TASK BRIEF:
Would you reproduce each line below exactly, leaving every picture out?
[RECORDED INFORMATION]
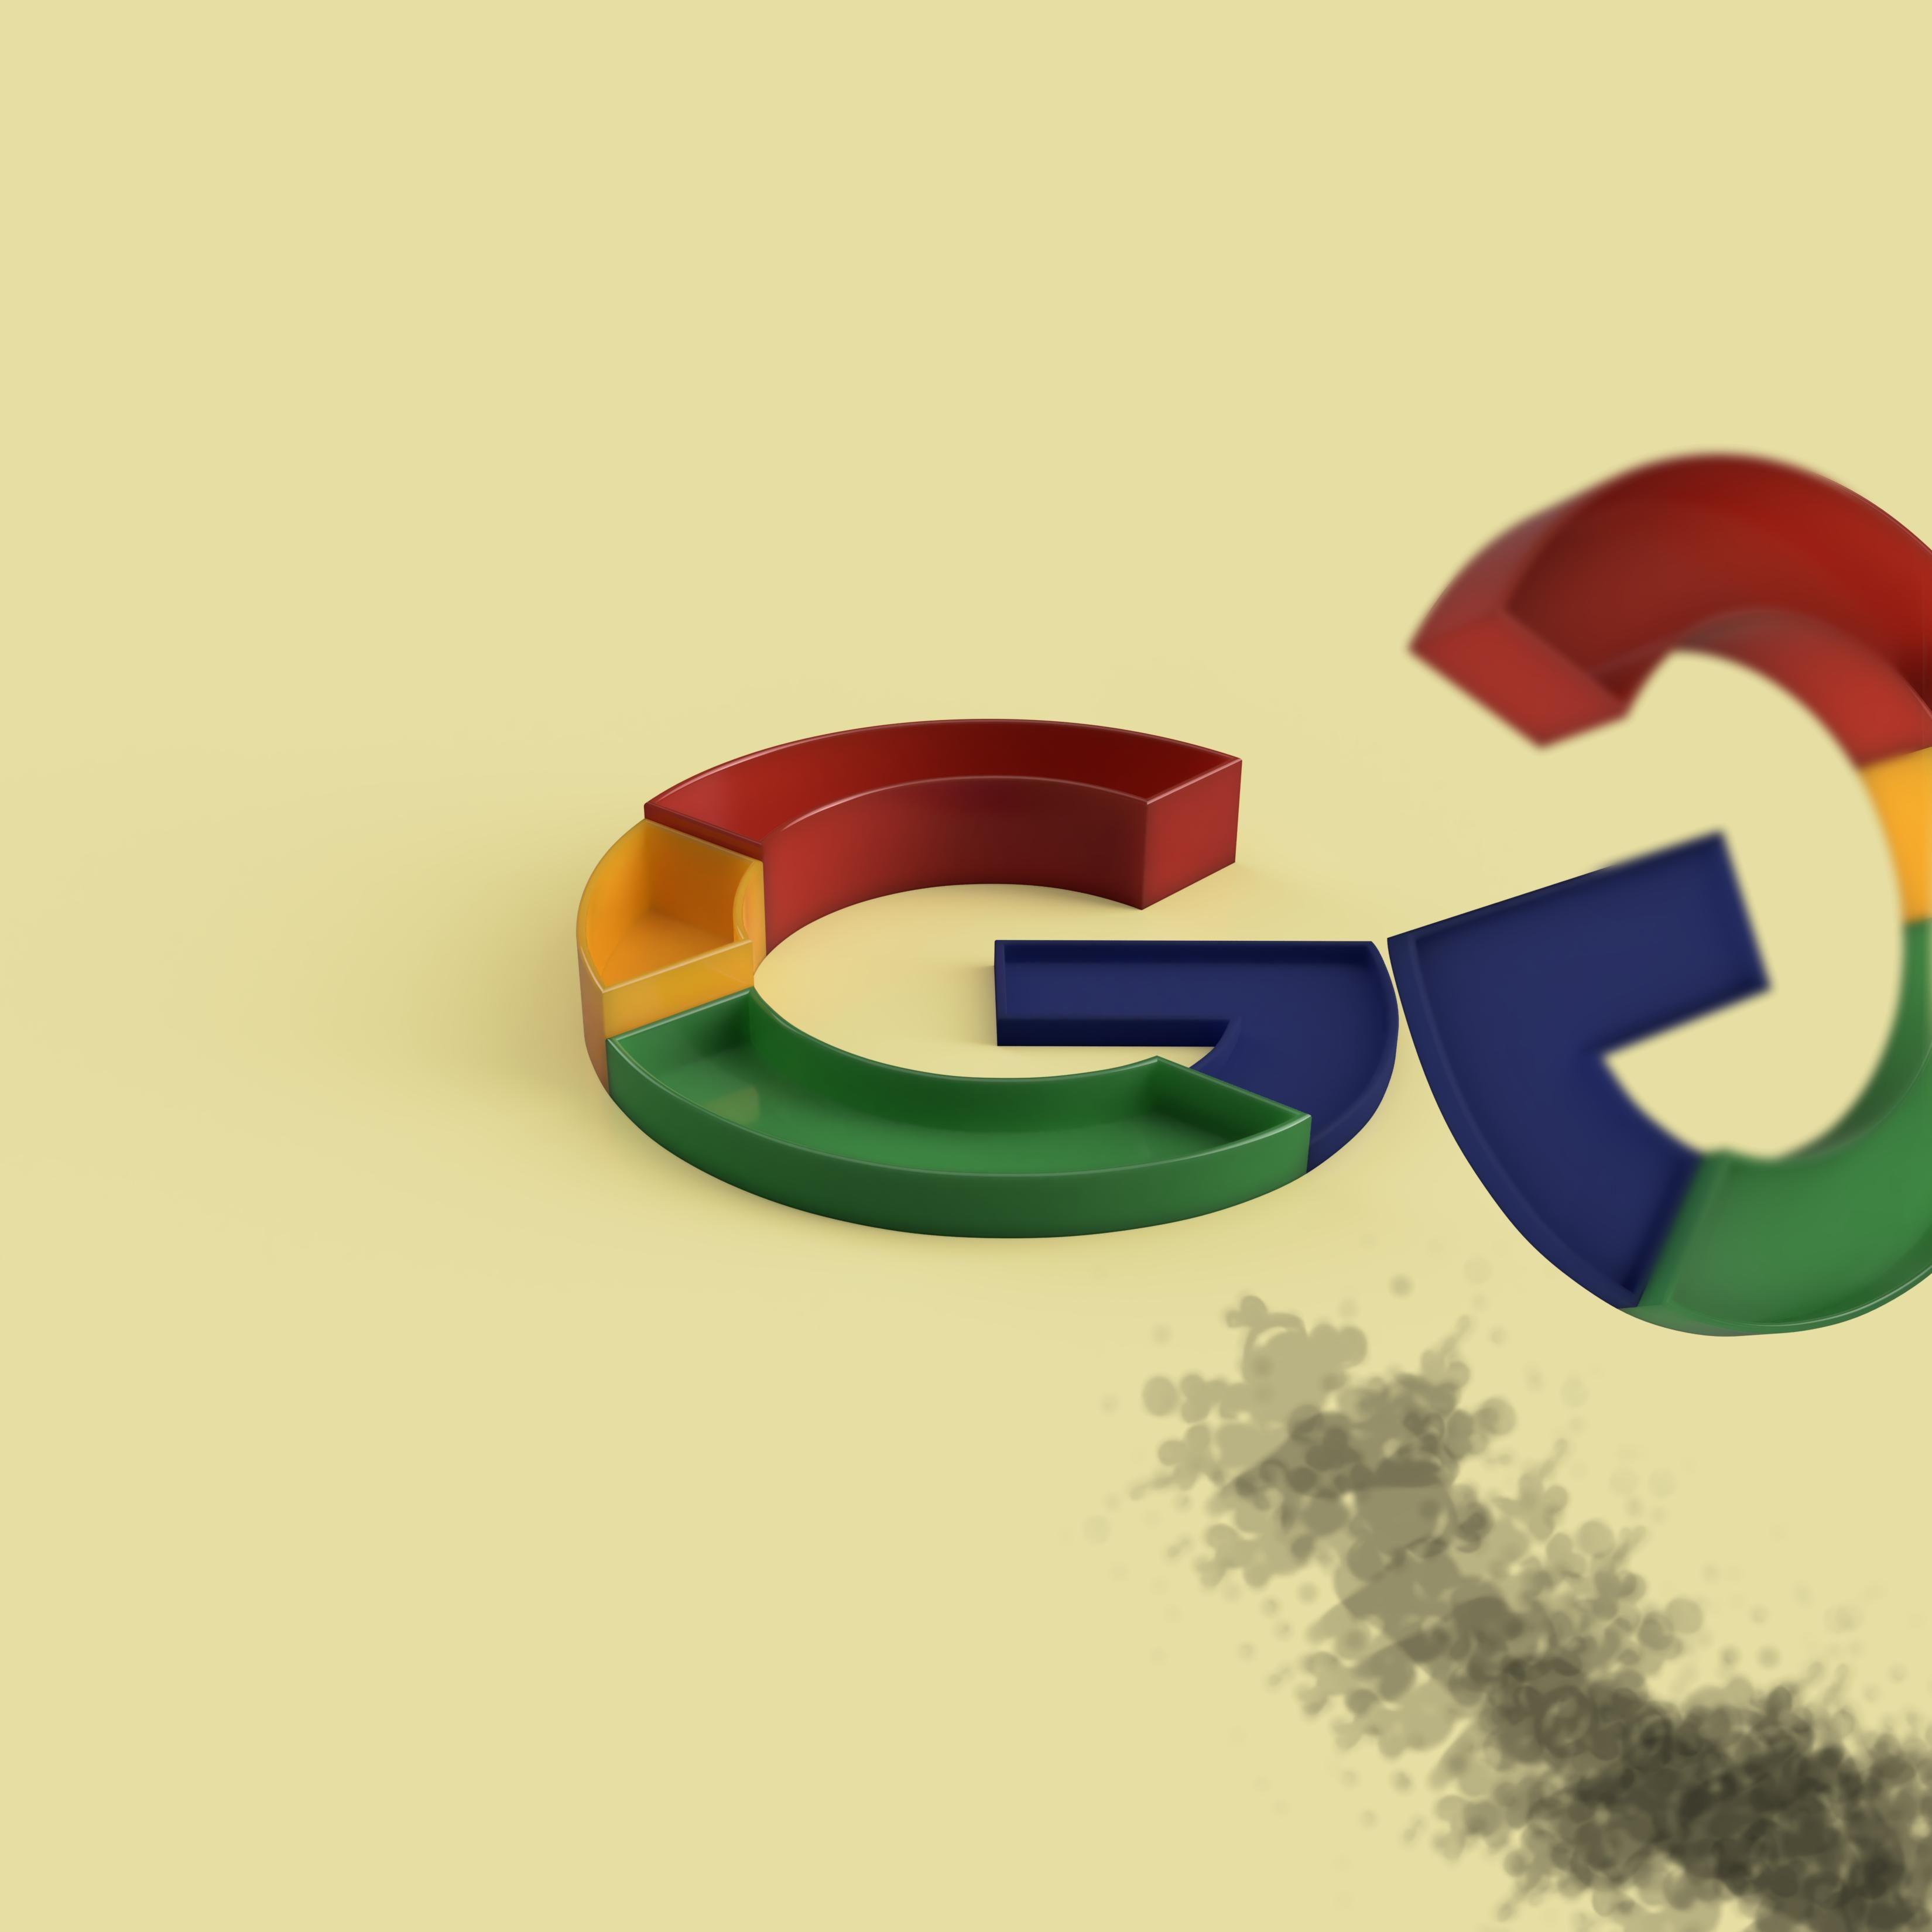 Google-3d-lcs20192fab2-3500-3500
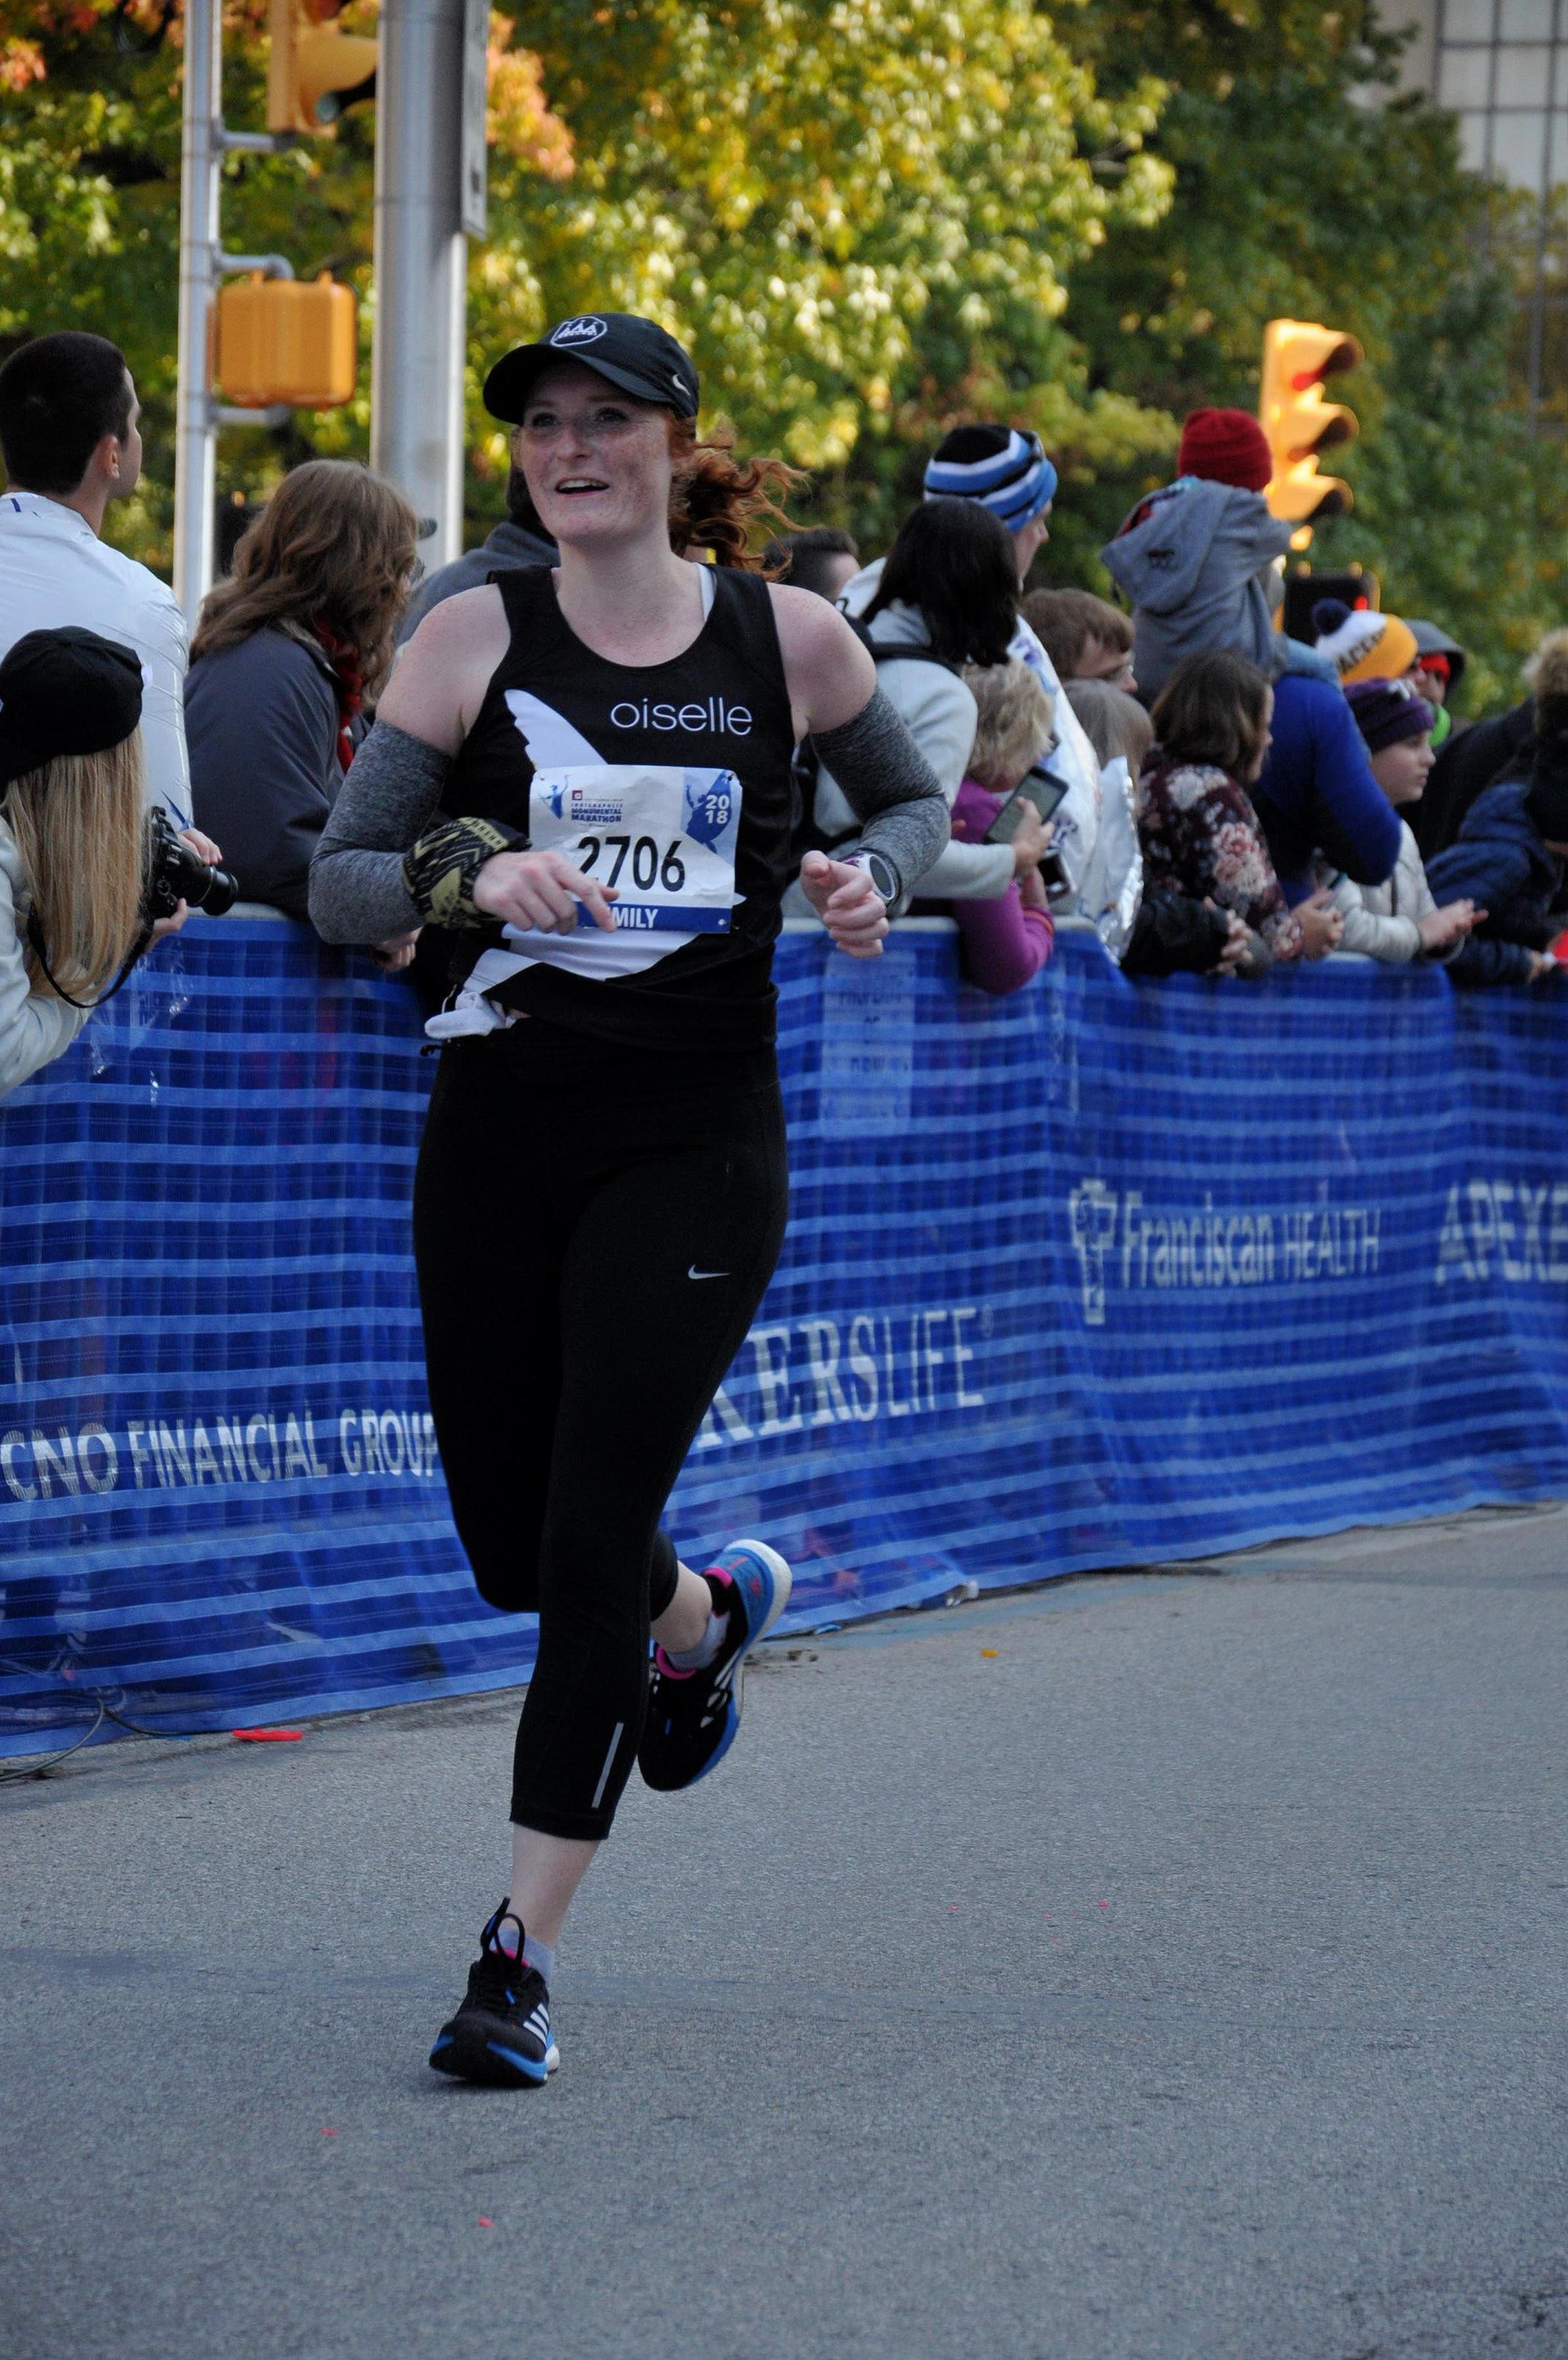 breaking 4 in the marathon.jpg
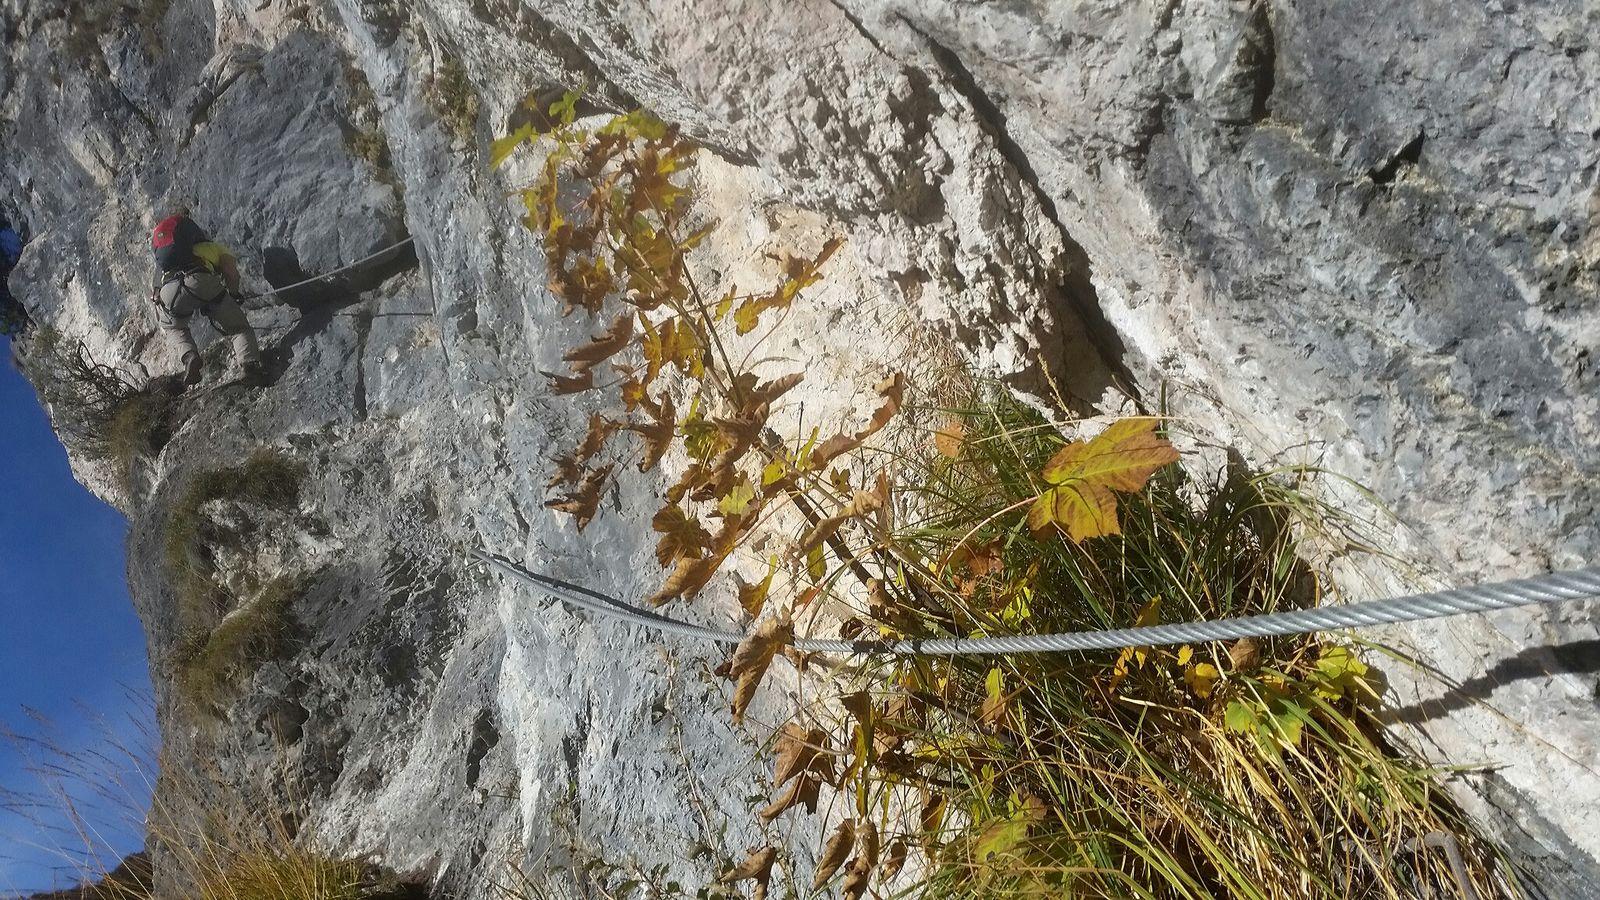 Klettersteig Grünstein : Klettersteig grünstein am königssee isidor variante tour
[/RECORDED INFORMATION]
EXERCISE SOLUTION:
 Google-3d-lcs20192fab2-3500-3500
 breaking 4 in the marathon.jpg
 Klettersteig Grünstein : Klettersteig grünstein am königssee isidor variante tour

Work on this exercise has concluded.